All of the above pointless operations serve to slow down the rest of the function’s work by 30% or 60%, so be extremely careful about using closures in performance-critical code. One simple way around this slowdown is to do as in testIndirectActivation
and externalize the performance-intensive part of the function into another method. While you’ll incur the function call overhead—which can be substantial—you stand a very good chance of dwarfing that overhead with the performance gains made by avoiding all the slow operations that would have otherwise infected your otherwise-fast code. Alternatively, consider eliminating the closure in favor of a method.
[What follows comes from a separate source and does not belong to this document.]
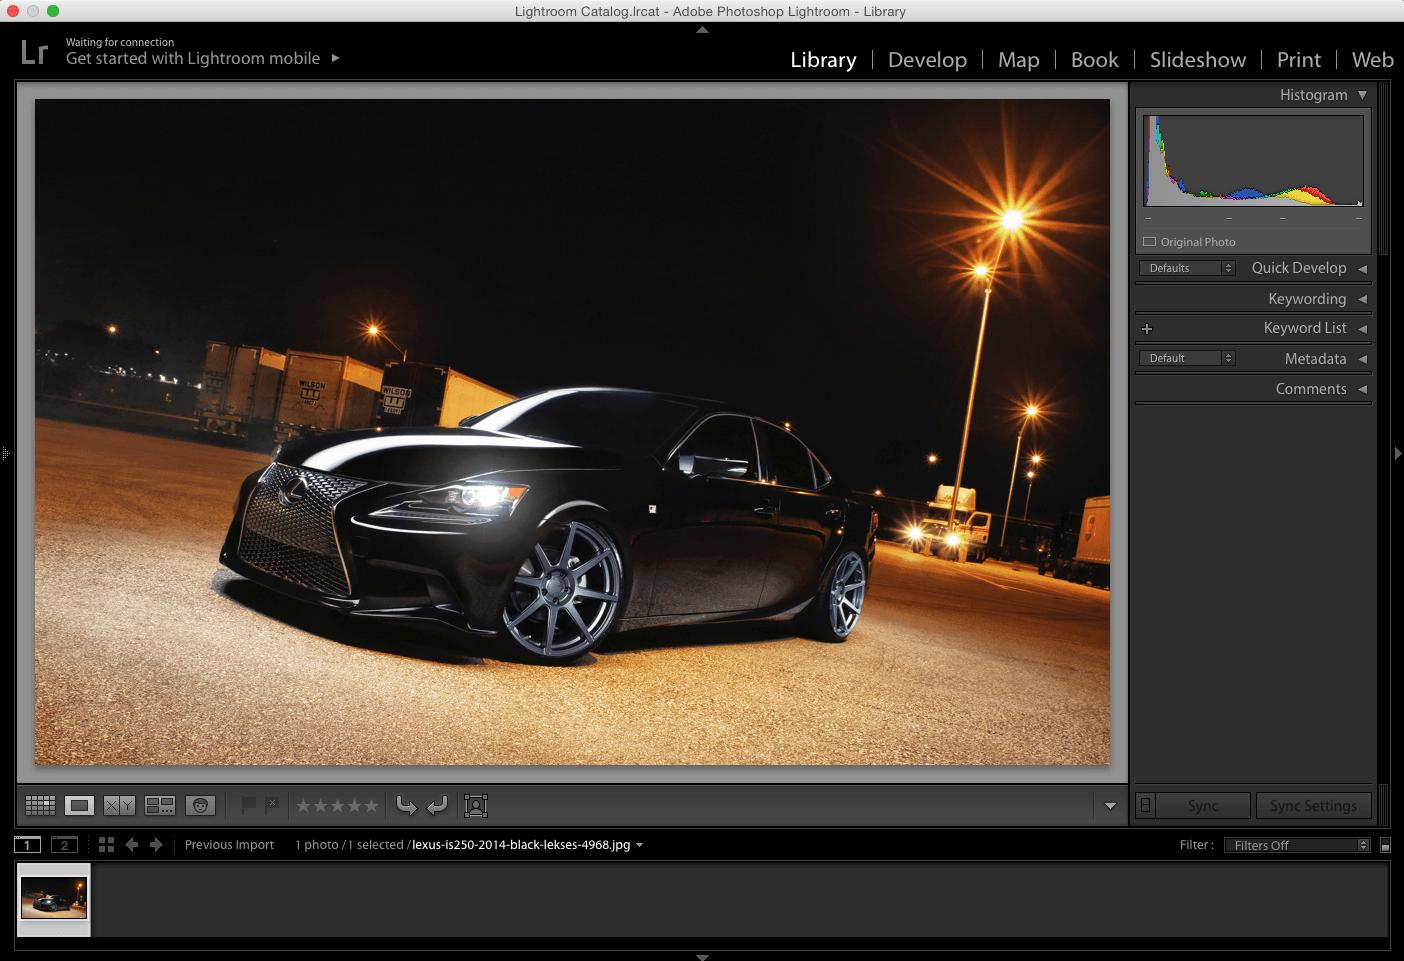 Adobe Photoshop Lightroom 6 12 CC for Mac download | macOS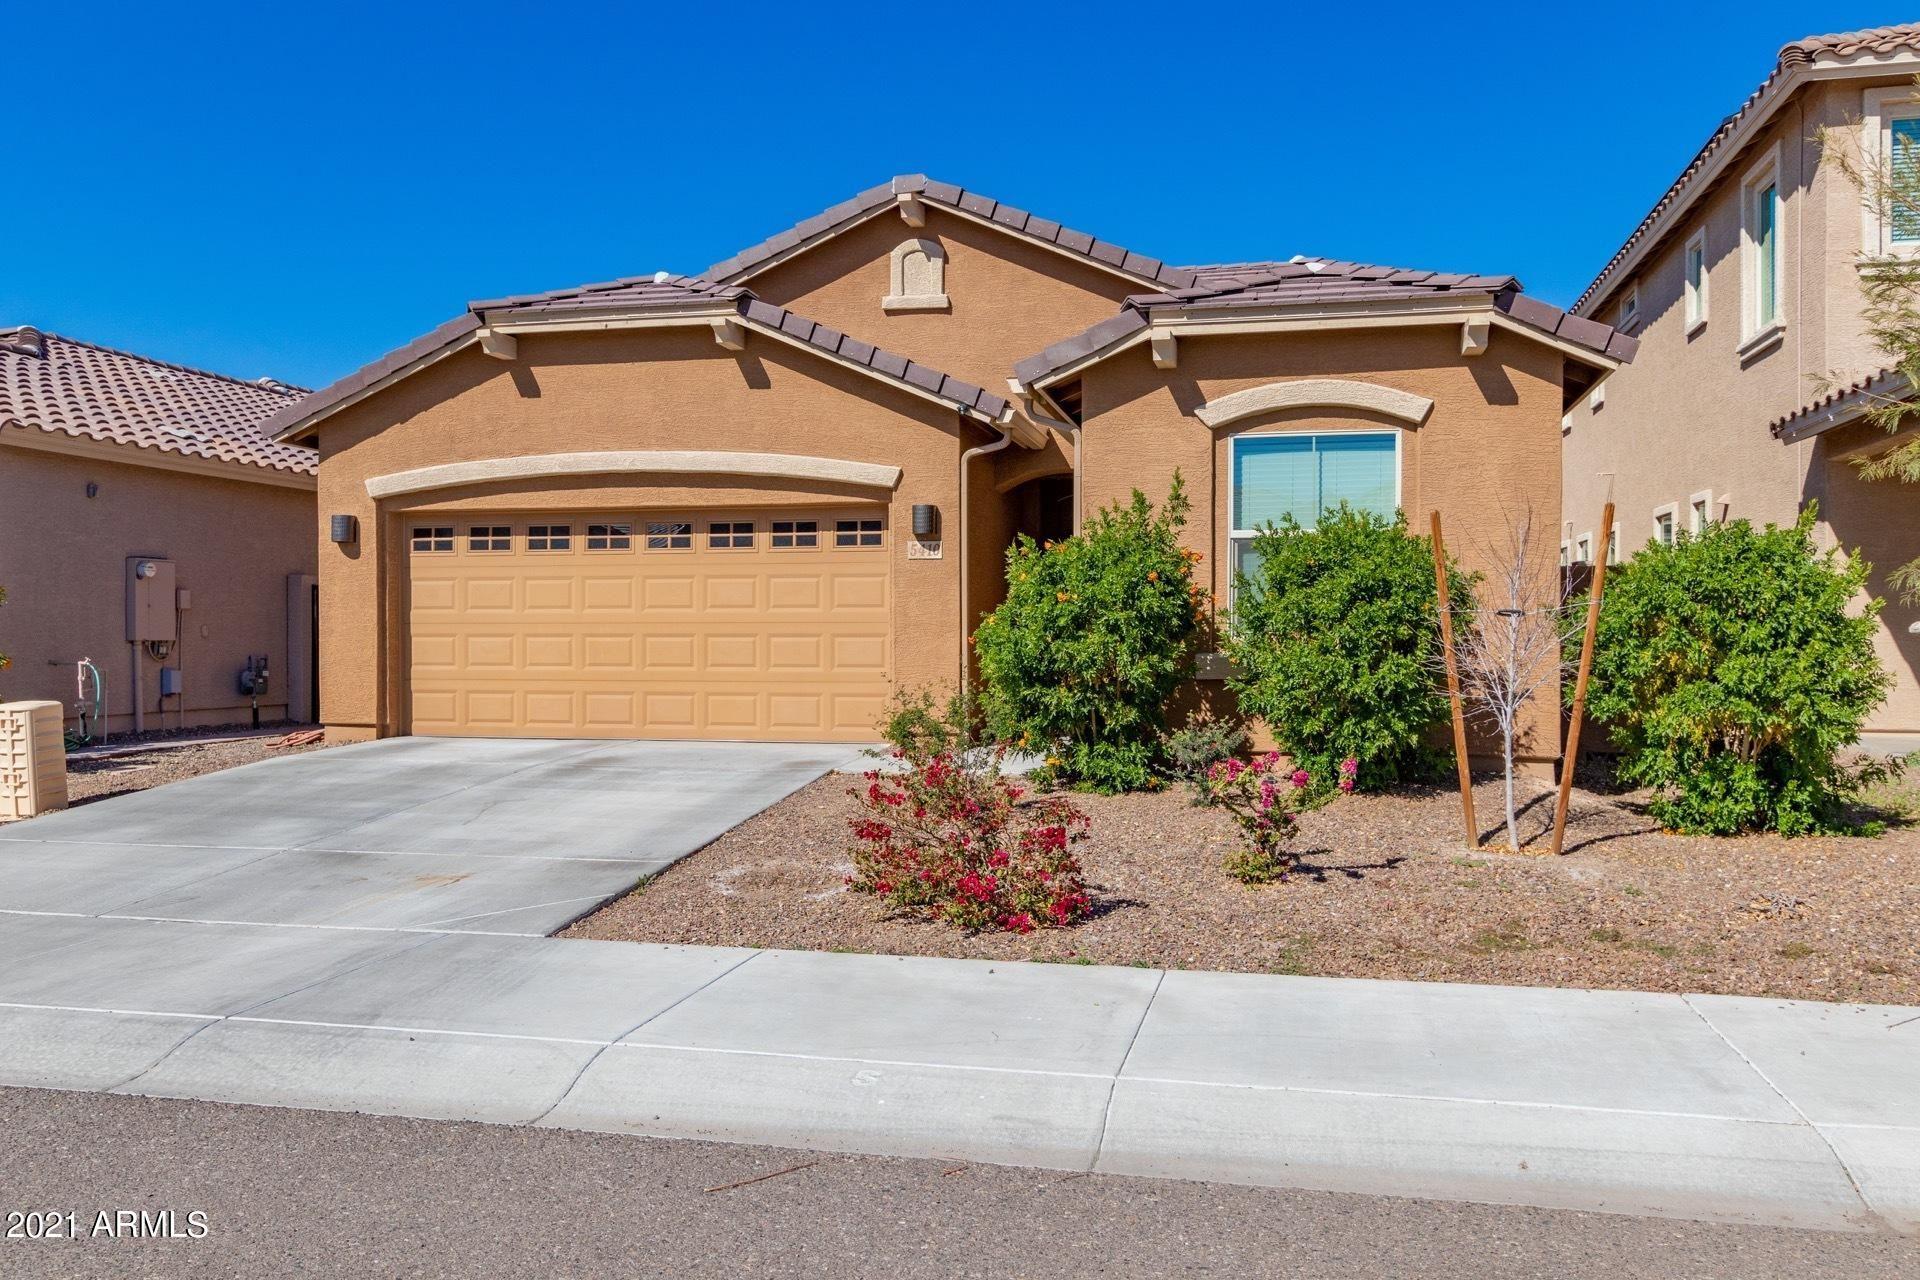 5410 W HACKAMORE Drive, Phoenix, AZ 85083 - MLS#: 6201048

As a final note, I re-tested the final version of my linked list class by moving the log
function out to a method as suggested above. The performance of iterating over the list/Array
—by far the most intensive test performed within the function with the log
closure—increased by a factor of 3!
#1 by Nek on October 11th, 2010 ·
Thanks! That’s really useful for performance optimization which I’m more and more into.